X-files is one of the best shows ever made. I remember that I didn’t start watching it until about Season 4. My friend kept recommending it to me, and I kept ignoring him. Once I finally watched it, I was hooked. This was back in 1997, in the days before box sets, on-demand, and pirated videos on the internet. Since I’d already missed 3 seasons, I had to watch TV in order to catch up, and it wasn’t like they played them in the correct order.
I taped each episode I watched, and I labeled the video tapes with the episode numbers and names. I don’t remember how I got this information, since this was in the days before Mother Google showed us the way. I just remember painstakingly labeling DVDs.

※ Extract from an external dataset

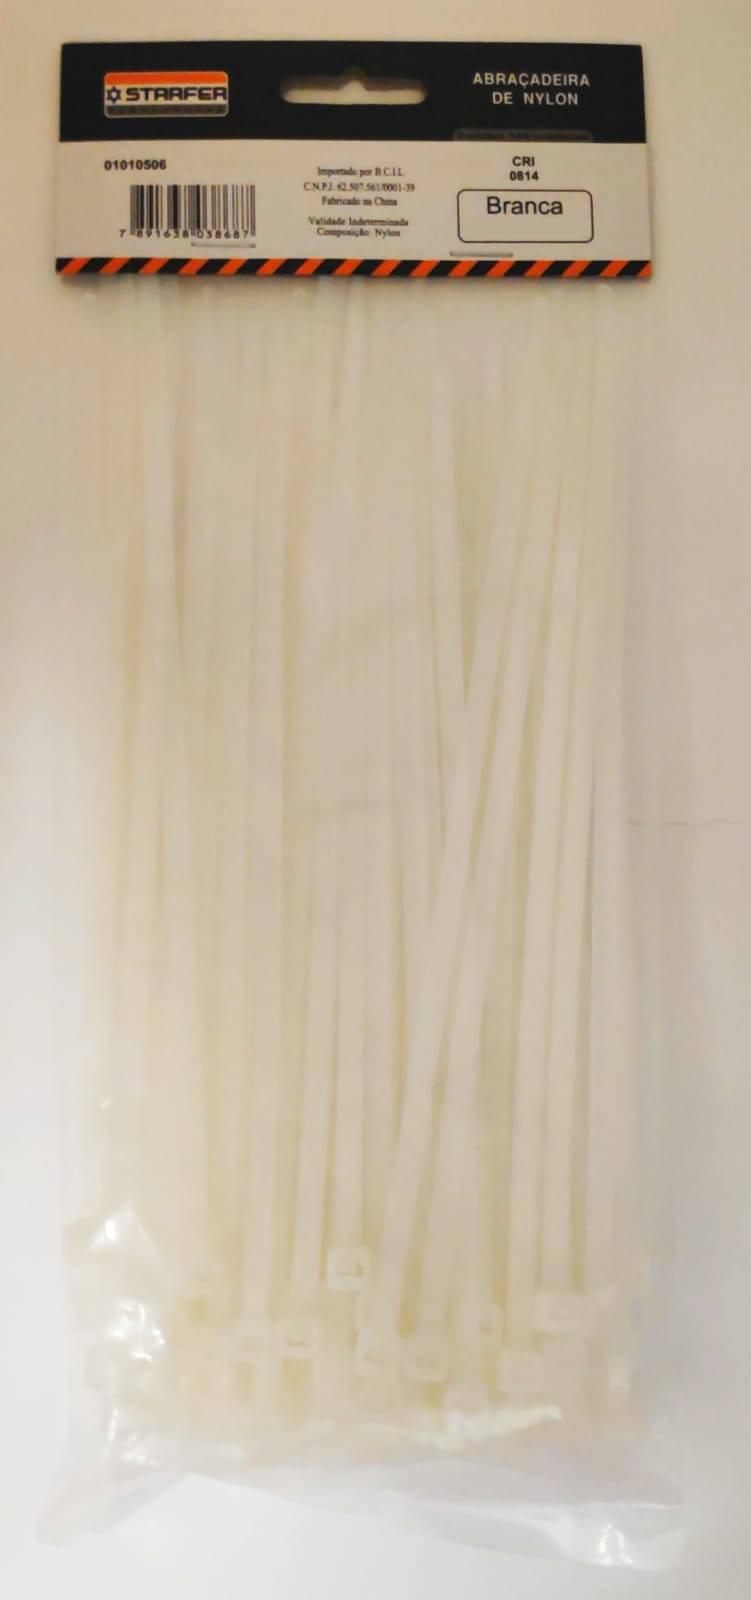 Abraçadeira de Nylon Branca 390mmx4,8mm Com 100 Peças - Starfer

How much different would the X-files be today? Mulder would have a Twitter feed and a Facebook group of other believers. He’d have an iPad and would do a lot of research on that. He’d try to capture videos of all the weird phenomena he saw on his iPhone. Technology is both a blessing and a curse for today’s writers, because we have to write around all this technology in a logical, believable manner.
The X-files ran from 1993 to 2002. I didn’t actually watch the last couple of seasons, after Mulder was abducted. I did watch the X-files: I want to believe, which came out in 2008. I know many fans of the series weren’t please with it, but I thought it was great. It didn’t create any new holes in the various story lines that were never resolved in my opinion (black oil, anyone?), and it felt like visiting old friends. It certainly was easier to follow than the first disastrous movie in 1998.
If you’re a Netflix subscriber, they actually do have the entire series online. Whether you’re a new fan or old, now may be the time to watch!